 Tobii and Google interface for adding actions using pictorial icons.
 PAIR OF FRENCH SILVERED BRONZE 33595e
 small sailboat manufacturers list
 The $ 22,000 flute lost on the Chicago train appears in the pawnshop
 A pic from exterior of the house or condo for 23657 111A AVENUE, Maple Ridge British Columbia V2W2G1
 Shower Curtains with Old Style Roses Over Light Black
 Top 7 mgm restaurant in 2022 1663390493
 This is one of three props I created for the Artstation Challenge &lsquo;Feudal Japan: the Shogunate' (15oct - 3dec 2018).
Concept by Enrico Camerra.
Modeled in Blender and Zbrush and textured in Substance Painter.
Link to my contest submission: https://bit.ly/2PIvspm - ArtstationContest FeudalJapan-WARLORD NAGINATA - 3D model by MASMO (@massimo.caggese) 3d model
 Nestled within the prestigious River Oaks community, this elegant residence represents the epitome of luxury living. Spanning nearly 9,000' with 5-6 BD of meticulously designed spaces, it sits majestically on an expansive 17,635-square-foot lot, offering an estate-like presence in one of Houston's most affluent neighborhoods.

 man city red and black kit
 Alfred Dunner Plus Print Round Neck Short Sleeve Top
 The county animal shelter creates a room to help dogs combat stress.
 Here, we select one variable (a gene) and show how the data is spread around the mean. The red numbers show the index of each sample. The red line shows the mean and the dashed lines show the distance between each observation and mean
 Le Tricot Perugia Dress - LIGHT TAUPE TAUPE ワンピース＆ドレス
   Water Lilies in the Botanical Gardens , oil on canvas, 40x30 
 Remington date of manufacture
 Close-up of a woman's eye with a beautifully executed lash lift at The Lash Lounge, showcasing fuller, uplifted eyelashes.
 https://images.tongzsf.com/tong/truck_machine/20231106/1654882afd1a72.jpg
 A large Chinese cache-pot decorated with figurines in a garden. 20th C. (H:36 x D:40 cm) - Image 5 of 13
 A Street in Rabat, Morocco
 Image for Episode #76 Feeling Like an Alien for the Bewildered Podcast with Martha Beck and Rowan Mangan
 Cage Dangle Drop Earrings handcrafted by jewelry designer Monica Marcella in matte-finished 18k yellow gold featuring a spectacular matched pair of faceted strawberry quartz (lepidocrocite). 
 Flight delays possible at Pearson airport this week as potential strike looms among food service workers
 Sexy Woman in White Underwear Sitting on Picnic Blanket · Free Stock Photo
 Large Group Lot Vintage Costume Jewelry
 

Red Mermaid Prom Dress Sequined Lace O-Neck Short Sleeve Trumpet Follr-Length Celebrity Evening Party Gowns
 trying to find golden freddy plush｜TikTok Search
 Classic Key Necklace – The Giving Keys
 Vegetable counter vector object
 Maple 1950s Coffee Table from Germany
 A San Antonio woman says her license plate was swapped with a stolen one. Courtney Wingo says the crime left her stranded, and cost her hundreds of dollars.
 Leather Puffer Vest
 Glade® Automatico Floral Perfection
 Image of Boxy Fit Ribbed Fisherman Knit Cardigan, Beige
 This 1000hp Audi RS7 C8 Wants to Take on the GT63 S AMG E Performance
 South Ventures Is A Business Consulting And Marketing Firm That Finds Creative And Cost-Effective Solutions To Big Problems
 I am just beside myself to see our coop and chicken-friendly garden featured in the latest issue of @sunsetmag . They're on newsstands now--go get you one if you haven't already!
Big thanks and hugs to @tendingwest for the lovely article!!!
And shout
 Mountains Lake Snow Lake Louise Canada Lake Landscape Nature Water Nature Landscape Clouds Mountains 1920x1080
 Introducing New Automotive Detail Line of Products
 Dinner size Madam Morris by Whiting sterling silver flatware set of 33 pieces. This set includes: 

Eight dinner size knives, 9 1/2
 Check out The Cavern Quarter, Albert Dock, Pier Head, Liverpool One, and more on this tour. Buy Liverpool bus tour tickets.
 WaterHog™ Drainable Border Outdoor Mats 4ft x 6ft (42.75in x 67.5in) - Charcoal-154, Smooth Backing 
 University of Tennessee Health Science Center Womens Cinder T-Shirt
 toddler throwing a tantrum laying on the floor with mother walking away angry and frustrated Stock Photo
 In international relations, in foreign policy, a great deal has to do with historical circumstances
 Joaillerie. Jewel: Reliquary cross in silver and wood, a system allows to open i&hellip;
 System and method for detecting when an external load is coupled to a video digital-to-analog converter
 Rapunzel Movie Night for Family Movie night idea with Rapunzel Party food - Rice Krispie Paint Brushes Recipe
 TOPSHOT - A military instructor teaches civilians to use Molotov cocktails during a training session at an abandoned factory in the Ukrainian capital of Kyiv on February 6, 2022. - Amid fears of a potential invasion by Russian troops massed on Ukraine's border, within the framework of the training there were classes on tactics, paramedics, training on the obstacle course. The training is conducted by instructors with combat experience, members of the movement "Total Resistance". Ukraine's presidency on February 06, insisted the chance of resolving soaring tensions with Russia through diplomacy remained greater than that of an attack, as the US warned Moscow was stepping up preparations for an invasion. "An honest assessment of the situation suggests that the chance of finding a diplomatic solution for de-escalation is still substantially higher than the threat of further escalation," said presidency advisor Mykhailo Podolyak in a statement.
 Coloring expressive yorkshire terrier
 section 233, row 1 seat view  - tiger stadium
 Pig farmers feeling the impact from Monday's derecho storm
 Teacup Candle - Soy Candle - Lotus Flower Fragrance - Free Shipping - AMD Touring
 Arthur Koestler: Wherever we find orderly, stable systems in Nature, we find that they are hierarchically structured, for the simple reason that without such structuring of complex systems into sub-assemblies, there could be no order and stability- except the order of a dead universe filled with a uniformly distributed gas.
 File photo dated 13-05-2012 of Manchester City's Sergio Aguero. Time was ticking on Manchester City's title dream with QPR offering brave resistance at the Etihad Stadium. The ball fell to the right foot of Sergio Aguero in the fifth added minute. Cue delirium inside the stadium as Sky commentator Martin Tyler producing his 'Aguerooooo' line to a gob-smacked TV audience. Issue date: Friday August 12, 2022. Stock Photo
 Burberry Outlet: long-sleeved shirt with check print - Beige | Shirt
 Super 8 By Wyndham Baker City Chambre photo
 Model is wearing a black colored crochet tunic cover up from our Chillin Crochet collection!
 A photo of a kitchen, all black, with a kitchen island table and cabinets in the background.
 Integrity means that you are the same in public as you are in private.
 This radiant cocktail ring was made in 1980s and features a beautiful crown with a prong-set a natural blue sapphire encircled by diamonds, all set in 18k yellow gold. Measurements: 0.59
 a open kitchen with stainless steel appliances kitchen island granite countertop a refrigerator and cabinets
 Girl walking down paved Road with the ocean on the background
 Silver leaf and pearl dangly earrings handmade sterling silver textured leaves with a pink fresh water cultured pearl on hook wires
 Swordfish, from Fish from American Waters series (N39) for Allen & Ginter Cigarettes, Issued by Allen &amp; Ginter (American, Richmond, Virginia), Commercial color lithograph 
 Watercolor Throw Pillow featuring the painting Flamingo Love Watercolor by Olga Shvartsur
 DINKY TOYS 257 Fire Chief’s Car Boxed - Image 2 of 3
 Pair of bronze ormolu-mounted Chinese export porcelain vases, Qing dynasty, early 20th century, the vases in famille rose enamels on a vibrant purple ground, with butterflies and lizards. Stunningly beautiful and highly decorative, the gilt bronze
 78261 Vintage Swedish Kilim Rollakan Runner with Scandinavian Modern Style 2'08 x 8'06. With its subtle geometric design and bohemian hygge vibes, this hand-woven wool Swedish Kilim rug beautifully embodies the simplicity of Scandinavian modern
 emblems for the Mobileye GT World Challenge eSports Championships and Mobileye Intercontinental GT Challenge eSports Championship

+++

_About this task_: Above this task is a listing. Restate, word for word and with nothing added, the lines from the one with "Concept by Enrico Camerra." through the one with "The county animal".

_Written solution_:
Concept by Enrico Camerra.
Modeled in Blender and Zbrush and textured in Substance Painter.
Link to my contest submission: https://bit.ly/2PIvspm - ArtstationContest FeudalJapan-WARLORD NAGINATA - 3D model by MASMO (@massimo.caggese) 3d model
 Nestled within the prestigious River Oaks community, this elegant residence represents the epitome of luxury living. Spanning nearly 9,000' with 5-6 BD of meticulously designed spaces, it sits majestically on an expansive 17,635-square-foot lot, offering an estate-like presence in one of Houston's most affluent neighborhoods.

 man city red and black kit
 Alfred Dunner Plus Print Round Neck Short Sleeve Top
 The county animal shelter creates a room to help dogs combat stress.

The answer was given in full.